According to statistical data compiled by the investment bank Cowen, AstraZeneca ranks among the top three in terms of the number of drug candidates and therapies recently submitted to regulatory authorities, compared with other large pharmaceutical companies. Meanwhile, its projected growth from 2018 to 2024 leads all pharmaceutical companies.
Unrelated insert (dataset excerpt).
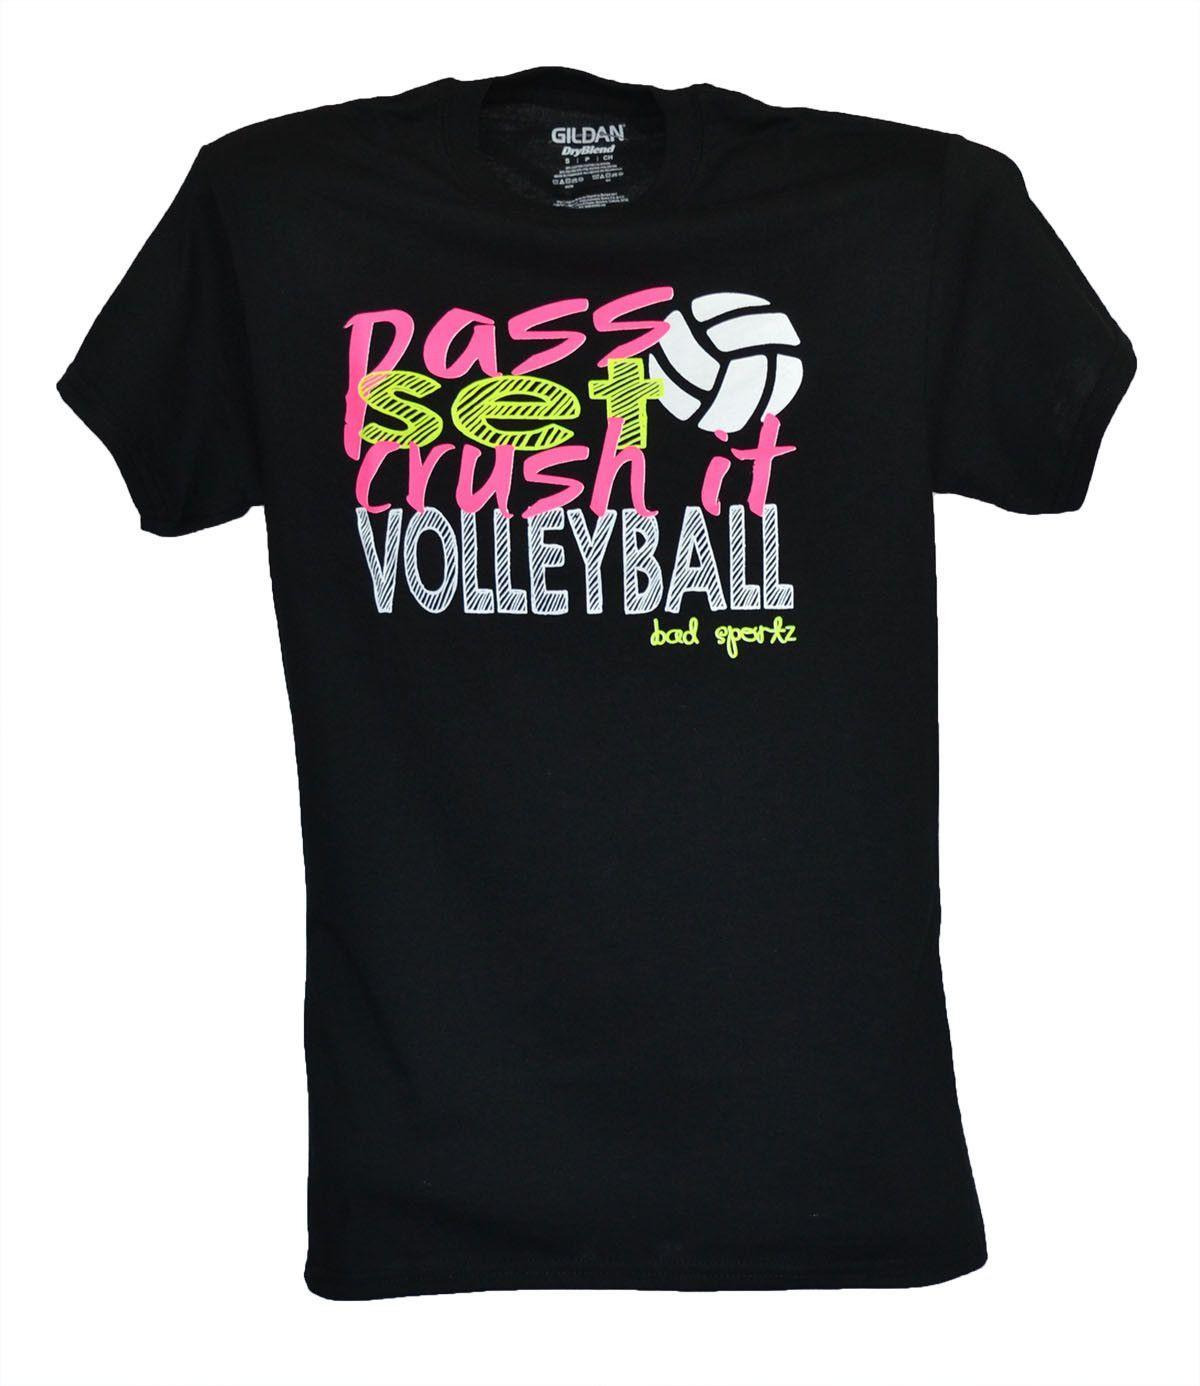 Pass Set Crush Volleyball T Shirt Volleyball Tshirts Volleyball Volleyball Shirts

AstraZeneca sold off stakes in formerly award-winning brands such as Seroquel and Nexium to raise capital and focus on brands with greater growth potential. This strategy required investors to endure years of declining revenue while maintaining confidence in CEO Pascal Soriot’s promise to “restore growth.” However, the turning point came in 2018, when AstraZeneca achieved revenue growth for the first time in three years.
Soriot remarked earlier this year while commenting on the company’s 2018 performance, “Our sales declined for a longer period than during my entire tenure at AstraZeneca.” “We are now experiencing growth for the first time, and we anticipate a period of sustainable growth in the future.”
AstraZeneca also places great importance on the Chinese market, maintaining its own commercial and research operations in China, with its research business continuing to expand. AstraZeneca highly values collaborations with local companies.
In the first nine months of 2019, AstraZeneca’s sales in China reached $3.7 billion, accounting for 61% of its emerging market sales and 21% of its total sales, representing a year-on-year increase of more than one-third compared to the same period in 2018.
Nevertheless, a lingering question remains regarding AstraZeneca: whether it can achieve annual sales of $40 billion by 2023, the target promised by Soriot when he rejected Pfizer’s 2014 acquisition offer. Anderson forecasts AstraZeneca’s 2023 annual sales at $34 billion, while Cowen projects $37 billion.
The $40 billion commitment was predicated on the assumption that its three blockbuster oncology drugs would still succeed despite a high risk of clinical failure. However, five years on, many of those bets have paid off.